No single state is responsible for the accumulation of greenhouse gases
in the atmosphere and no state, acting alone, can reduce the impacts that will
be felt as a result of climate change. Koko Warner, co-author of the IPCC Fifth
assessment report says, ‘All of our societies will be affected by climate
change, there are no exceptions’ (Deutsche Welle, 2014).
Protecting a
global public good requires collective action. States need to work together
towards a common goal, to reduce greenhouse gas emissions, stabilise the
climate and mitigate the impacts of climate change. This is what the Paris Agreement, an ambitious international treaty aimed at limiting the carbon emissions of 195 countries, aims to do. However the collective
decision making required in negotiating international climate treaties faces
inherent constraints which have, to date, meant that a binding climate treaty,
ratified by all countries, has remained elusive. The Paris Agreement looked set to change all of that but with Trump in power, keen to protect what he sees as key US interests which don't include the fate of the rest of the world, a consensus on how we deal with a warming world seems once again to elude the global community.

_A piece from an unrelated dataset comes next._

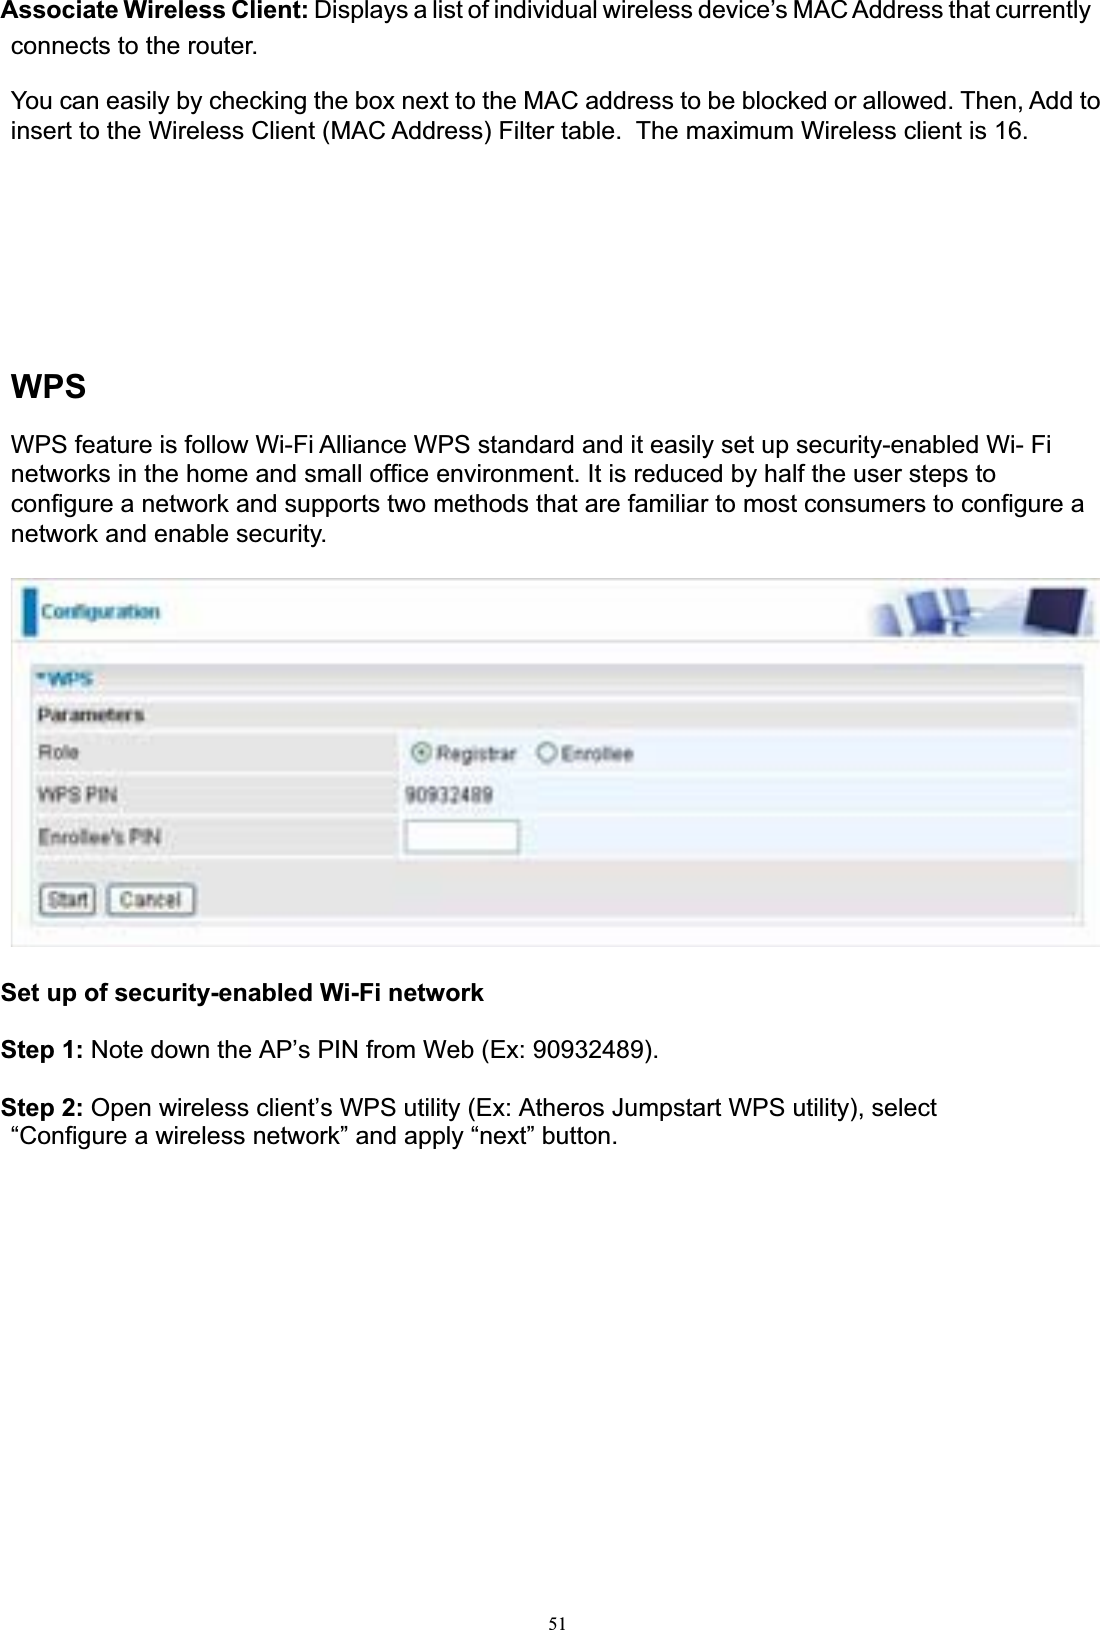 51Associate Wireless Client: Displays a list of individual wireless device’s MAC Address that currently connects to the router. You can easily by checking the box next to the MAC address to be blocked or allowed. Then, Add to insert to the Wireless Client (MAC Address) Filter table.  The maximum Wireless client is 16. WPSWPS feature is follow Wi-Fi Alliance WPS standard and it easily set up security-enabled Wi- Fi networks in the home and small office environment. It is reduced by half the user steps to configure a network and supports two methods that are familiar to most consumers to configure a network and enable security. Set up of security-enabled Wi-Fi network Step 1: Note down the AP’s PIN from Web (Ex: 90932489). Step 2: Open wireless client’s WPS utility (Ex: Atheros Jumpstart WPS utility), select “Configure a wireless network” and apply “next” button.

Game theory is a useful tool when critically examining the negotiating
tactics of countries negotiating climate agreements. This article will examine the methods employed by those countries navigating the process of deciding whether to sign up to the Kyoto Protocol (which the Paris Agreement will replace) and the Copenhagen Agreement (COP15). In addition, it will assess the barriers
states face in addressing global climate change policy, consider the role of
power and strategic international relationships in climate negotiations and
demonstrate why not all states are willing to cooperate with each other. It
will also consider what changes could be made to encourage greater cooperation
between states in the future, specifically the framing of climate change as a
security threat and finally, what the future holds for international climate
agreements.
The impacts of climate change together with the costs necessary for
adaption and mitigation are unequally distributed around the world. The most
significant climate change impacts fall largely on vulnerable states least able
to mitigate them. In addition there is disagreement over who is responsible for
the current levels of CO2 in the atmosphere and which countries
should bear the burden of paying for adaption and mitigation strategies. There is also the temporal distribution of climate change to
consider and the impact on intergenerational equity – inertia in the climate
system means future generations will suffer impacts as a result of the
activities of current generations. There is disagreement
amongst states as to who is responsible for the costs of protecting future
generations. Developing countries argue they should not have to pay costs they
can ill-afford, to reduce a future burden, when the scale and impacts of
climate change are still uncertain and the effectiveness of mitigation and
adaption strategies remain unclear. These points
are contentious and a barrier to progress in climate negotiations.
Climate
change will affect each country differently. In trying to protect their
individual national interests, whether economic, development or security
interests, states face a conflict between doing what is best for their citizens
and doing what is best for society as a whole. The results of such conflicts of
interest have been evident at international climate negotiations over the last
two decades, which have consistently failed to deliver a wholly
international legally binding agreement.
Climate change has been on the international agenda
since 1992 when the United Nations Framework Convention on Climate Change
(UNFCCC) was launched at the Rio Summit. In 1997, parties to the UNFCCC added
the Kyoto Protocol which was the first legally binding agreement to enforce
emissions reductions. Parties to the Kyoto Protocol, ultimately ratified by 192 states
(UNFCCC, 2014), agreed to reduce their emissions between 2008 and 2013, to an
average of 5.2 per cent below 1990 levels. The US did not
ratify the protocol and had no obligation to reduce emissions. The US decision
not to ratify the protocol is an example of how domestic politics can influence
international negotiations. The Clinton administration agreed to the Kyoto
Protocol, but the succeeding Bush administration rejected it, much like the Obama administration adopted the Paris Agreement but it is in the hands of the Trump administration to ratify it, making it legally binding.
Examining
Kyoto using game theory, specifically the Chicken Game, can help explain the
position of the US. The Chicken Game is based on the premise of two drivers who
are headed towards a collision with each other. Whoever swerves is considered
‘chicken’ and loses. If nobody swerves, they will both crash and both lose. Applying this theory to the Kyoto negotiations, the US and the
EU were on a collision course. The US insisted on a market approach and market
solutions for carbon emissions damages, whilst the EU insisted on international
regulations and quotas. The position of the US was motivated by the costs of it
‘swerving’. If the US did not ‘swerve’ and instead agreed to regulate its carbon
emissions through quotas, it would suffer the economic consequences. Firstly
because US industry is heavily reliant on fossil fuels and a move to cleaner
technology would be costly. Secondly, it would give emerging countries like
China a competitive economic advantage as China was not obliged to cut
emissions having been classified as a developing country. The result
was that the US did not ratify the Kyoto protocol.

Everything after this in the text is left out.